:: Task data ::
....

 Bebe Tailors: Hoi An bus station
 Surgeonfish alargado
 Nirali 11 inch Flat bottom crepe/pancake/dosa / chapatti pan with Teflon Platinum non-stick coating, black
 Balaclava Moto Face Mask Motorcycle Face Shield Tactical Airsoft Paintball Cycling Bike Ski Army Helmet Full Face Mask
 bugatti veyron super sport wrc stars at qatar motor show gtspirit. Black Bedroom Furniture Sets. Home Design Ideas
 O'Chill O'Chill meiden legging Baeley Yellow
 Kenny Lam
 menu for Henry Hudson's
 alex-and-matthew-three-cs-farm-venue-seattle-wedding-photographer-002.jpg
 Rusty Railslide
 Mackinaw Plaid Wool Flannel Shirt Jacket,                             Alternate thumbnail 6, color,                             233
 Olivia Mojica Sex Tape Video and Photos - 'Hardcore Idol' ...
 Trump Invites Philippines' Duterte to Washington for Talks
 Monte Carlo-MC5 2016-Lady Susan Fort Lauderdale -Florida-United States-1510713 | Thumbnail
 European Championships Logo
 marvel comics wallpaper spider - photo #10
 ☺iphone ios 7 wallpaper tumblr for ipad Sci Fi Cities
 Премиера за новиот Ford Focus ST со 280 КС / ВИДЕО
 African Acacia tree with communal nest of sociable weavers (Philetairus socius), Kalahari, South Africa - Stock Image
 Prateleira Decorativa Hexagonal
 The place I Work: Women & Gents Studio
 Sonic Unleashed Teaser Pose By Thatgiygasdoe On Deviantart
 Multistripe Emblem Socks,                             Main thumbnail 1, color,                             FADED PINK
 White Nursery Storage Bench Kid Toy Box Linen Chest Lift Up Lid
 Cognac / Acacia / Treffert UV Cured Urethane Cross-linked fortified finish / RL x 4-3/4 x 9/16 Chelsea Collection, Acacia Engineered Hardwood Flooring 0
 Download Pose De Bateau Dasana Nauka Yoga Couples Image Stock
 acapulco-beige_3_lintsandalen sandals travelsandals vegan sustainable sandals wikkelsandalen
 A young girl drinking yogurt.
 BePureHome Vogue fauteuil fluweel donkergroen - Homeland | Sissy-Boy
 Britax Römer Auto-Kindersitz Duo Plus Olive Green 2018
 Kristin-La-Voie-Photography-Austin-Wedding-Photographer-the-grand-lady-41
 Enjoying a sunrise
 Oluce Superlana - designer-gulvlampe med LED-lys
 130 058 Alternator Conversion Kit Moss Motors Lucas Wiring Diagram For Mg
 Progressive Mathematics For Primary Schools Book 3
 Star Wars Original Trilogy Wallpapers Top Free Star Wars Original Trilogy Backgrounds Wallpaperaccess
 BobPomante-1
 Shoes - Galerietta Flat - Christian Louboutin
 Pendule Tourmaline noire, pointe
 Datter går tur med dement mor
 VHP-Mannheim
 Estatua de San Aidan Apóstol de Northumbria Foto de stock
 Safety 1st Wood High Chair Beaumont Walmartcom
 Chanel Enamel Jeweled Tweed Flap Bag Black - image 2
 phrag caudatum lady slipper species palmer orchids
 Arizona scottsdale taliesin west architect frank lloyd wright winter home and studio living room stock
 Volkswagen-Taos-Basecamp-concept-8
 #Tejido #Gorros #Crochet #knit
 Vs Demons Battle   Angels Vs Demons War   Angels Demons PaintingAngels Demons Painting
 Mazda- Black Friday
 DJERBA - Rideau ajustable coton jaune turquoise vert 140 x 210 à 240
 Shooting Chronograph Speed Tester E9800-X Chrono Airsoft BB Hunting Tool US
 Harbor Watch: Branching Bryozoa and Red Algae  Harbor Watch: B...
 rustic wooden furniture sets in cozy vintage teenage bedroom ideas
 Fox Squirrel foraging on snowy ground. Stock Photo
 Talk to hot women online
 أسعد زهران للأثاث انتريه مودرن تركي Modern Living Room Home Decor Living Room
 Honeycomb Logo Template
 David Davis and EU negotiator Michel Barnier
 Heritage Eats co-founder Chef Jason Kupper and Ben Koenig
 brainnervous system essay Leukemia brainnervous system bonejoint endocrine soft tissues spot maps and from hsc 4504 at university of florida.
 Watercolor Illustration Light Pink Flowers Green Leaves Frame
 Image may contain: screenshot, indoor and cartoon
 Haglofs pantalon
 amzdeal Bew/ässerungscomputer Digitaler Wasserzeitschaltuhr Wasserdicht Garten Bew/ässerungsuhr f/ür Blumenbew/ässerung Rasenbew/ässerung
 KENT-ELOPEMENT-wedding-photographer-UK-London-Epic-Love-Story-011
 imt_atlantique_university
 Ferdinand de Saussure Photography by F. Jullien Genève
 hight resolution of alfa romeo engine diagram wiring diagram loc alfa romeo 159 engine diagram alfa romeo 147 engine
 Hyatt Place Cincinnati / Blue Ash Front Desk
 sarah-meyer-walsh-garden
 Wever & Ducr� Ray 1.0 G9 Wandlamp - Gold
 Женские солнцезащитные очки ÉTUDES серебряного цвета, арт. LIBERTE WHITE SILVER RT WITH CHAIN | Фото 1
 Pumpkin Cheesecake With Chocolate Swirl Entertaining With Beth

....

Copy the lines of the data above exactly as written, beginning with the line containing "أسعد زهران للأثاث" and ending with the line containing "Watercolor Illustration Light", and leave out all other lines.

 أسعد زهران للأثاث انتريه مودرن تركي Modern Living Room Home Decor Living Room
 Honeycomb Logo Template
 David Davis and EU negotiator Michel Barnier
 Heritage Eats co-founder Chef Jason Kupper and Ben Koenig
 brainnervous system essay Leukemia brainnervous system bonejoint endocrine soft tissues spot maps and from hsc 4504 at university of florida.
 Watercolor Illustration Light Pink Flowers Green Leaves Frame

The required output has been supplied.